Large Volumes of Infrequently Accessed Data

A group has 100s of TBs of data that is only accessed twice a year for reanalysis. The group doesn’t want to keep this data on GPFS in between analyses because it’s very large, so they use ghi put to initially put the files into the tape archive. Then they use ghi punch to remove all but the first few bytes from GPFS and free up space in their directories. Then, when they’re ready to analyse the data, then bring it back to GPFS using ghi stage. They can check which file system the data is on using ghi ls.

Archiving Complex Directory Structures

A project has many thousands of files of varying size ranging from a few bytes to hundreds of GBs (some files are too large to be bundled by htar) they’d like to archive. These files are organized in a complex directory structure that’s necessary to maintain in order to track the material in the files. The aggregate size of this data is around 100TB. Normally, they’d have to use tar to bundle each directory together (or parts of directories to keep the bundles around 500GB) and then put them into the tape archive. Instead, they use the ghi put option to put the entire directory into the tape archive.

Using GHI

Access

Currently you can only access GHI on NERSC's data transfer nodes using the /global/projectm file system. If you don’t have a usable directory there, let us know and we’ll make one. You can reach the data transfer nodes via ssh to dtn0[1-4].nersc.gov.

Commands

GHI can be accessed via the ghi command. This command should already be in your path on the NERSC data transfer nodes.

Usage

The ghi command requires an “action” argument. The possible choices are:

  • ls: show what file system the files are currently on
  • put: copy the files to the tape archive
  • stage: move the files back from the tape archive to spinning disk
  • punch: move the files to only the tape archive (leaving a stub behind on GPFS)
  • pin: keep the files from being removed from spinning disk
  • lock: keep the files from being removed using rm or otherwise modified

GHI ls

This is used to tell you which file system the files are on:

  • “G” means only on GPFS
  • “H” means only on the tape archive (with only a small stub remaining on GPFS)
  • “B” mean on both GPFS and the tape archive

Also, if a file is “pinned” there will be a “P” shown when listing.
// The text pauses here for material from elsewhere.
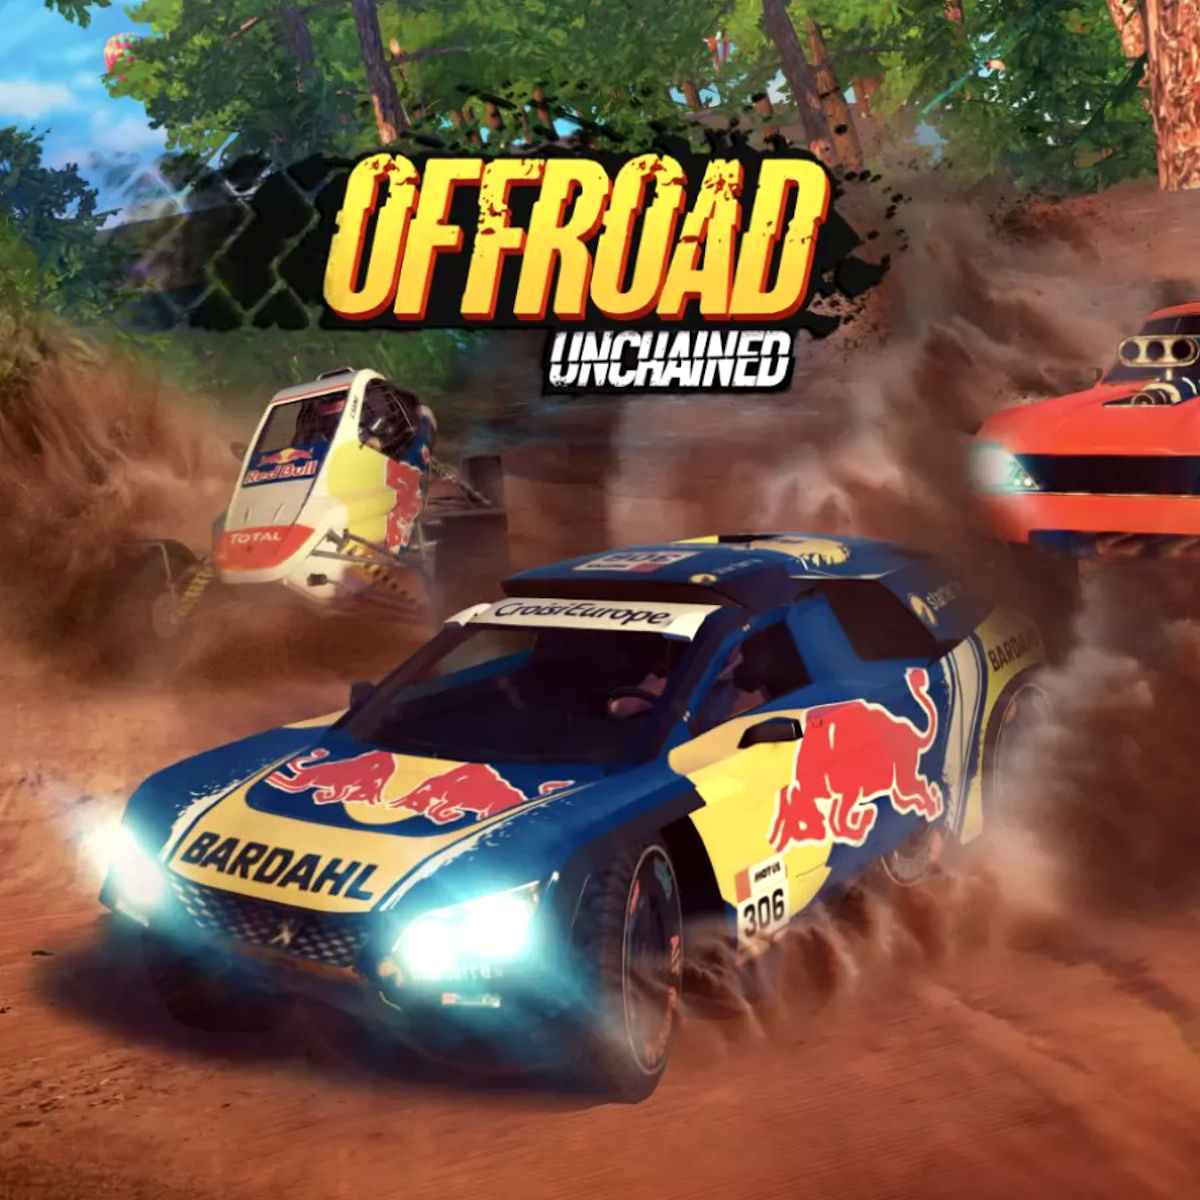 Red Bull Offroad Unchained

You can also use extra flags to see more information:

  • -a: Show hidden files
  • -l: Long listing (same as “-l” for ls)
  • -e: Show tape position
  • -w: Show name of file in the tape archive
  • -n: Same as “-l” but use numeric user and group ID
  • -?: Print List Help

ghi ls can also be used to display the name of the file in the tape archive (note it is a UUID that’s used internally for system tracking).

List one file
dtn> ghi ls /global/projectm/projectdirs/nstaff/elvis/strace_ghi.txt
B  /global/projectm/projectdirs/nstaff/elvis/strace_ghi.txt

The “B” means the file is on both GPFS and the tape archive (“H” is tape only, and “G” is GPFS only)

List many files

To list many files, you can either list them on the command line or put them in a text file. You can also list every file in a directory with

dtn> ghi ls /global/projectm/projectdirs/nstaff/elvis
And recursive list all directories by adding a wildcard (*) at the end
dtn> ghi ls /global/projectm/projectdirs/nstaff/elvis/*

List via text file

To list files in a input text file, use the “-f” option:

dtn> cat /global/projectm/projectdirs/nstaff/elvis/my_list.txt
/global/projectm/projectdirs/nstaff/elvis/strace_ghi.txt
dtn> ghi ls -f /global/projectm/projectdirs/nstaff/elvis/my_list.txt
B  /global/projectm/projectdirs/nstaff/elvis/strace_ghi.txt

GHI put

This is used to put a file or set of files into the tape archive.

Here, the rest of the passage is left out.